Exemplary binding agents include starch (e.g., cornstarch and starch paste), gelatin, sugars (e.g., sucrose, glucose, dextrose, dextrin, molasses, lactose, lactitol, mannitol, etc.), natural and synthetic gums (e.g., acacia, sodium alginate, extract of Irish moss, panwar gum, ghatti gum, mucilage of isapol husks, carboxymethylcellulose, methylcellulose, ethylcellulose, hydroxyethylcellulose, hydroxypropyl cellulose, hydroxypropyl methylcellulose, microcrystalline cellulose, cellulose acetate, poly(vinyl-pyrrolidone), magnesium aluminum silicate (Veegum®), and larch arabogalactan), alginates, polyethylene oxide, polyethylene glycol, inorganic calcium salts, silicic acid, polymethacrylates, waxes, water, alcohol, and/or mixtures thereof.

Exemplary preservatives include antioxidants, chelating agents, antimicrobial preservatives, antifungal preservatives, antiprotozoan preservatives, alcohol preservatives, acidic preservatives, and other preservatives. In certain embodiments, the preservative is an antioxidant. In other embodiments, the preservative is a chelating agent.

Exemplary antioxidants include alpha tocopherol, ascorbic acid, acorbyl palmitate, butylated hydroxyanisole, butylated hydroxytoluene, monothioglycerol, potassium metabisulfite, propionic acid, propyl gallate, sodium ascorbate, sodium bisulfite, sodium metabisulfite, and sodium sulfite.

Exemplary chelating agents include ethylenediaminetetraacetic acid (EDTA) and salts and hydrates thereof (e.g., sodium edetate, disodium edetate, trisodium edetate, calcium disodium edetate, dipotassium edetate, and the like), citric acid and salts and hydrates thereof (e.g., citric acid monohydrate), fumaric acid and salts and hydrates thereof, malic acid and salts and hydrates thereof, phosphoric acid and salts and hydrates thereof, and tartaric acid and salts and hydrates thereof. Exemplary antimicrobial preservatives include benzalkonium chloride, benzethonium chloride, benzyl alcohol, bronopol, cetrimide, cetylpyridinium chloride, chlorhexidine, chlorobutanol, chlorocresol, chloroxylenol, cresol, ethyl alcohol, glycerin, hexetidine, imidurea, phenol, phenoxyethanol, phenylethyl alcohol, phenylmercuric nitrate, propylene glycol, and thimerosal.

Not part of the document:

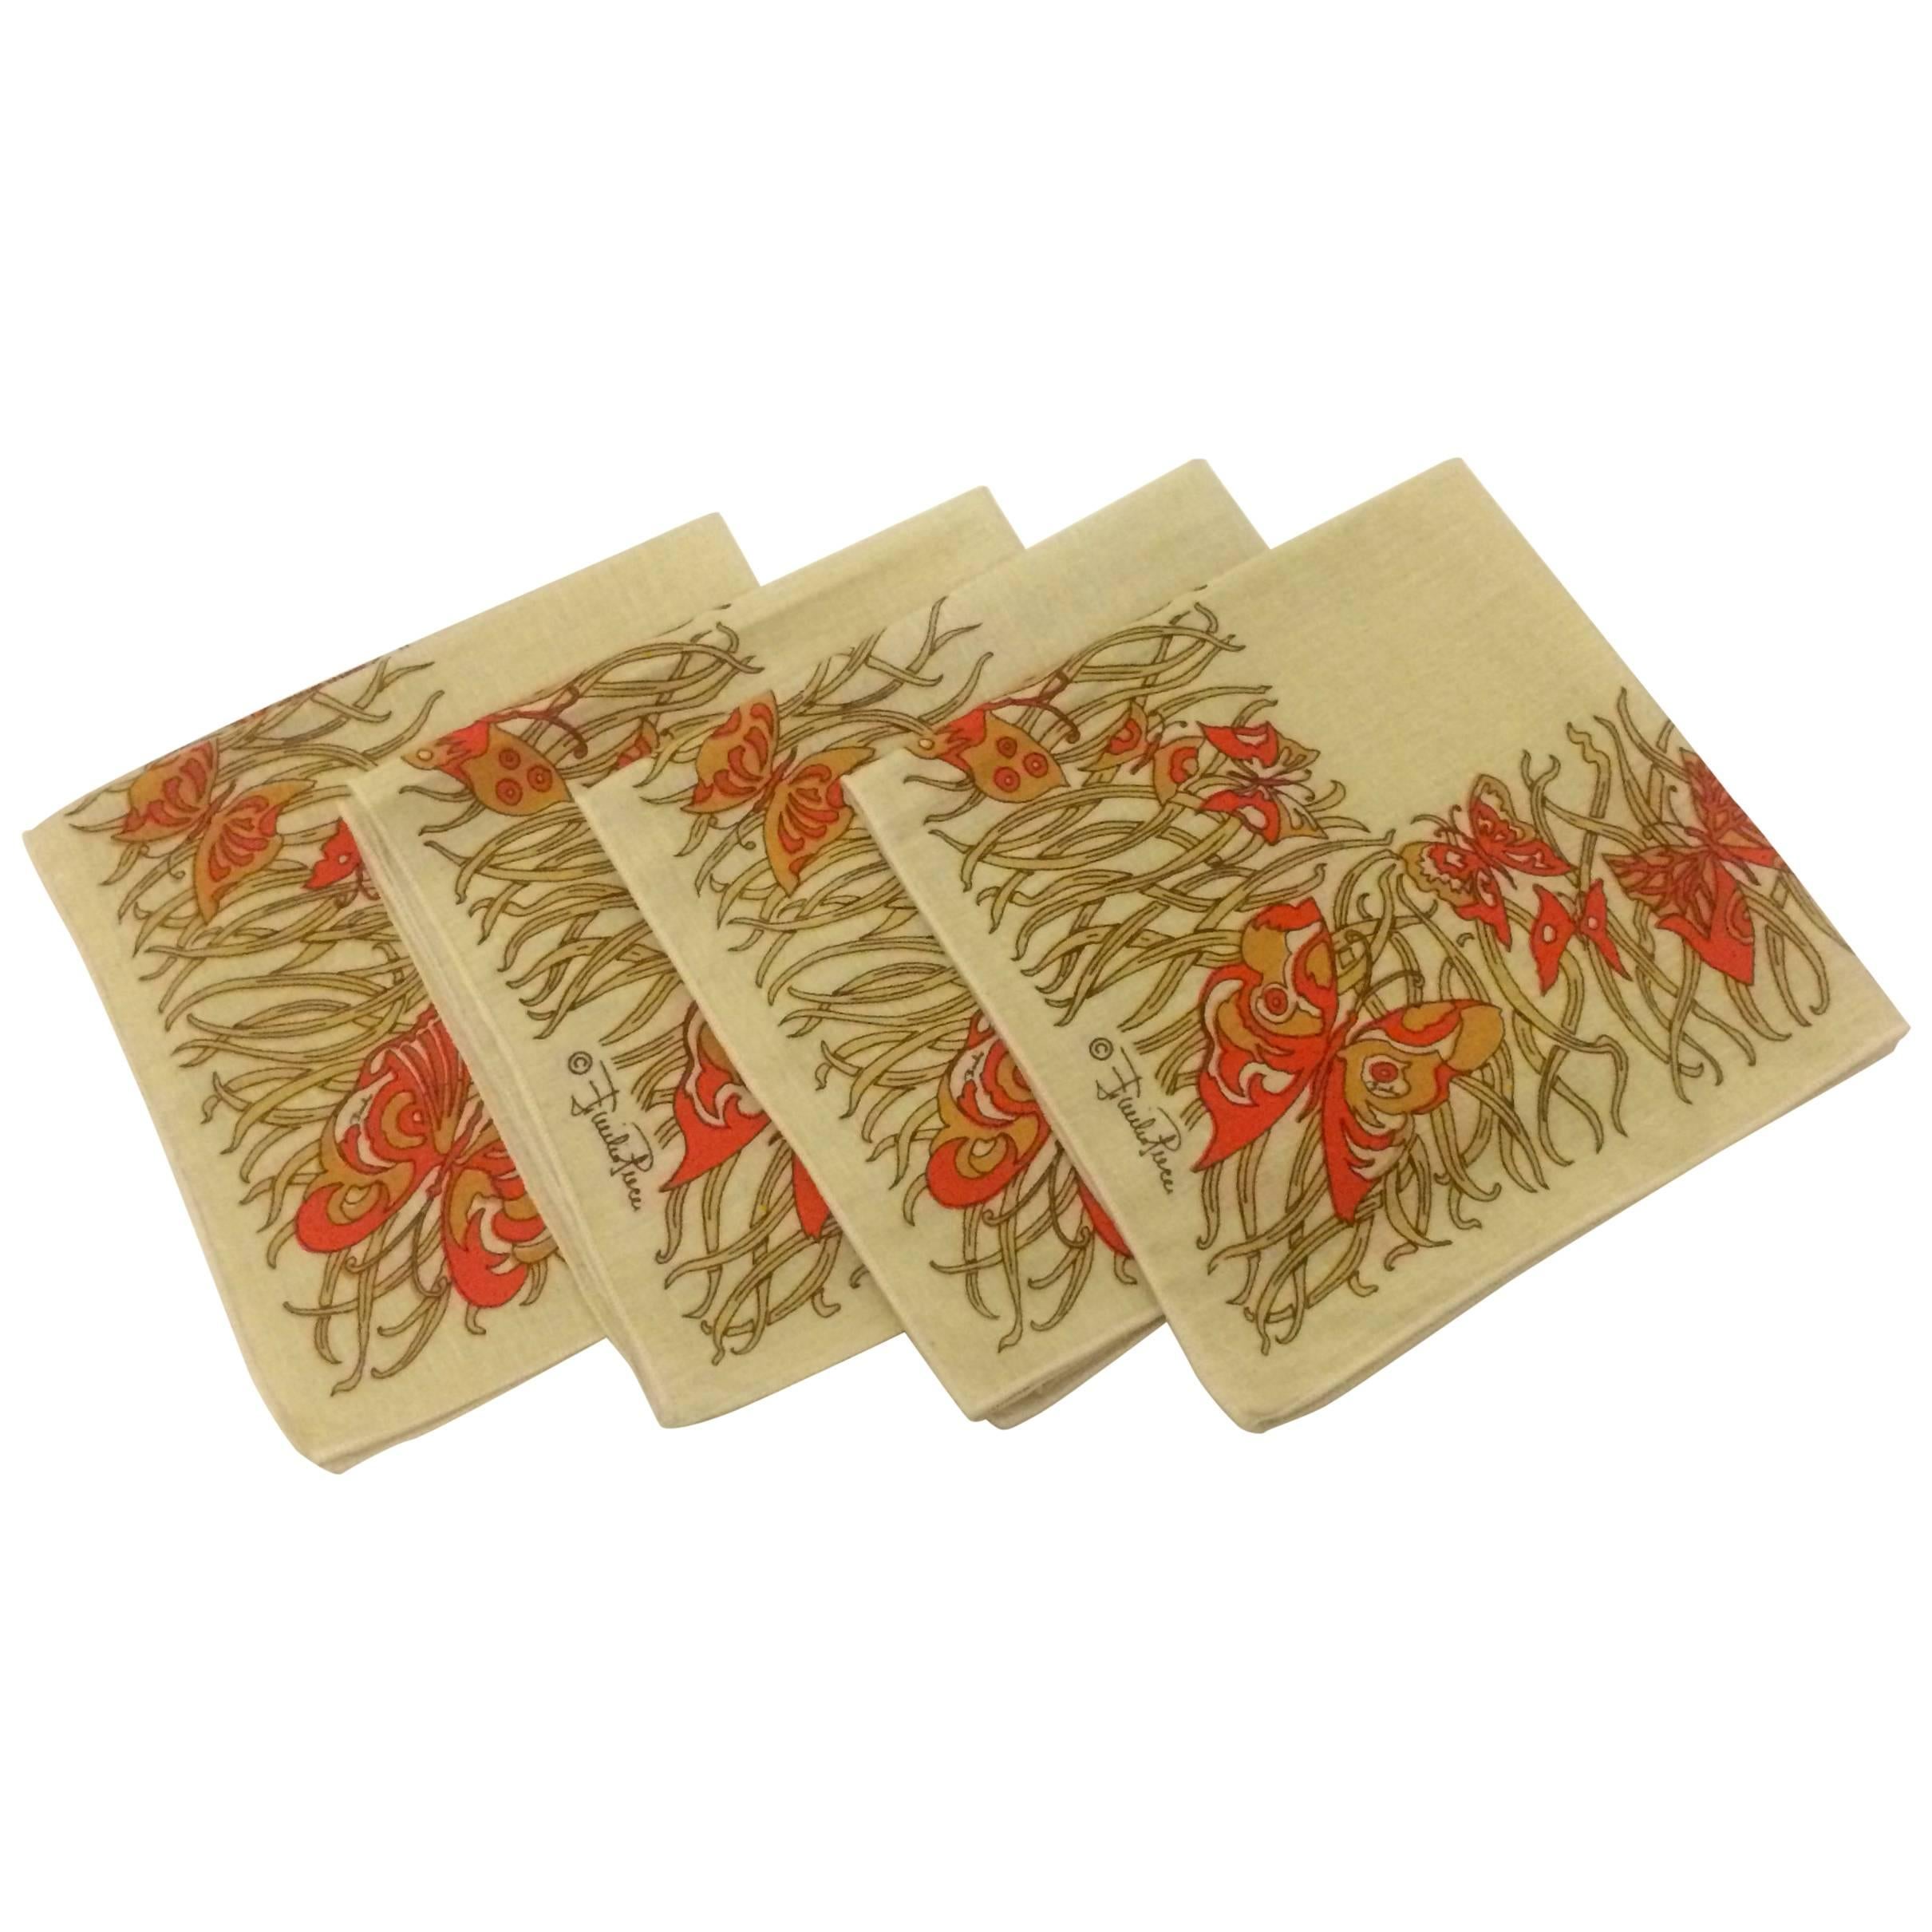 Emilio Pucci 1970s Cream and Orange Butterfly Print Cloth Napkins Set of Four

Exemplary antifungal preservatives include butyl paraben, methyl paraben, ethyl paraben, propyl paraben, benzoic acid, hydroxybenzoic acid, potassium benzoate, potassium sorbate, sodium benzoate, sodium propionate, and sorbic acid.

Exemplary alcohol preservatives include ethanol, polyethylene glycol, phenol, phenolic compounds, bisphenol, chlorobutanol, hydroxybenzoate, and phenylethyl alcohol.

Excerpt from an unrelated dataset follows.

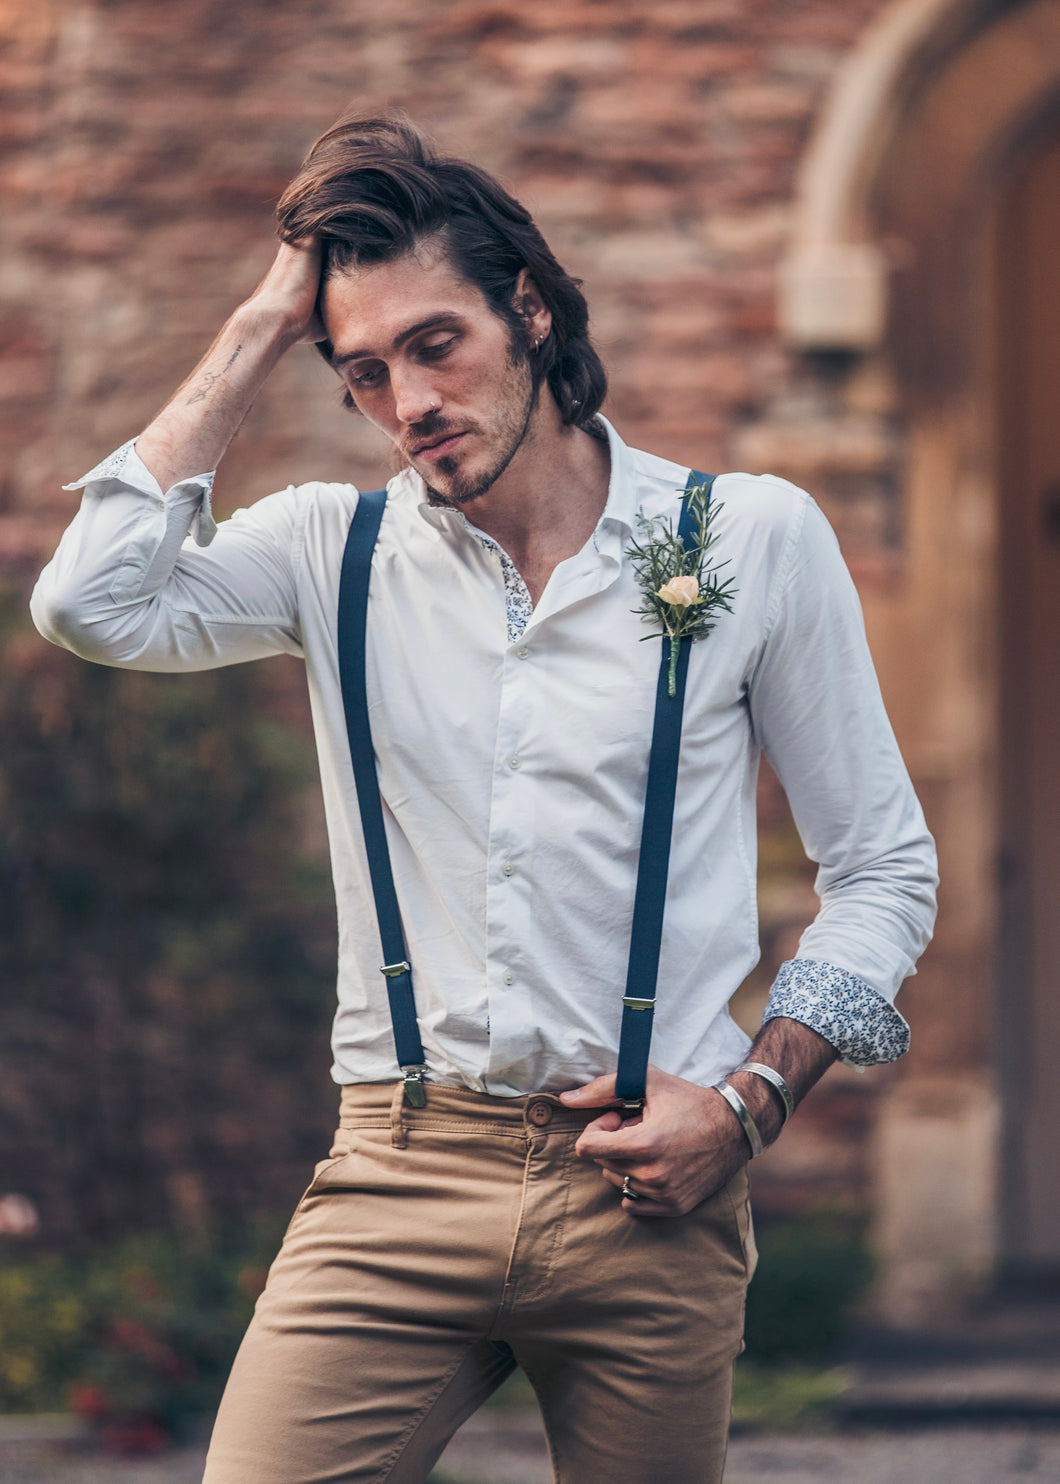 Boho groom looking disheveled, wearing SUAVE OWL White Shirt with chinos and braces.

Exemplary acidic preservatives include vitamin A, vitamin C, vitamin E, beta-carotene, citric acid, acetic acid, dehydroacetic acid, ascorbic acid, sorbic acid, and phytic acid.

Other preservatives include tocopherol, tocopherol acetate, deteroxime mesylate, cetrimide, butylated hydroxyanisol (BHA), butylated hydroxytoluened (BHT), ethylenediamine, sodium lauryl sulfate (SLS), sodium lauryl ether sulfate (SLES), sodium bisulfite, sodium metabisulfite, potassium sulfite, potassium metabisulfite, Glydant® Plus, Phenonip®, methylparaben, Germall® 115, Germaben® II, Neolone®, Kathon®, and Euxyl®.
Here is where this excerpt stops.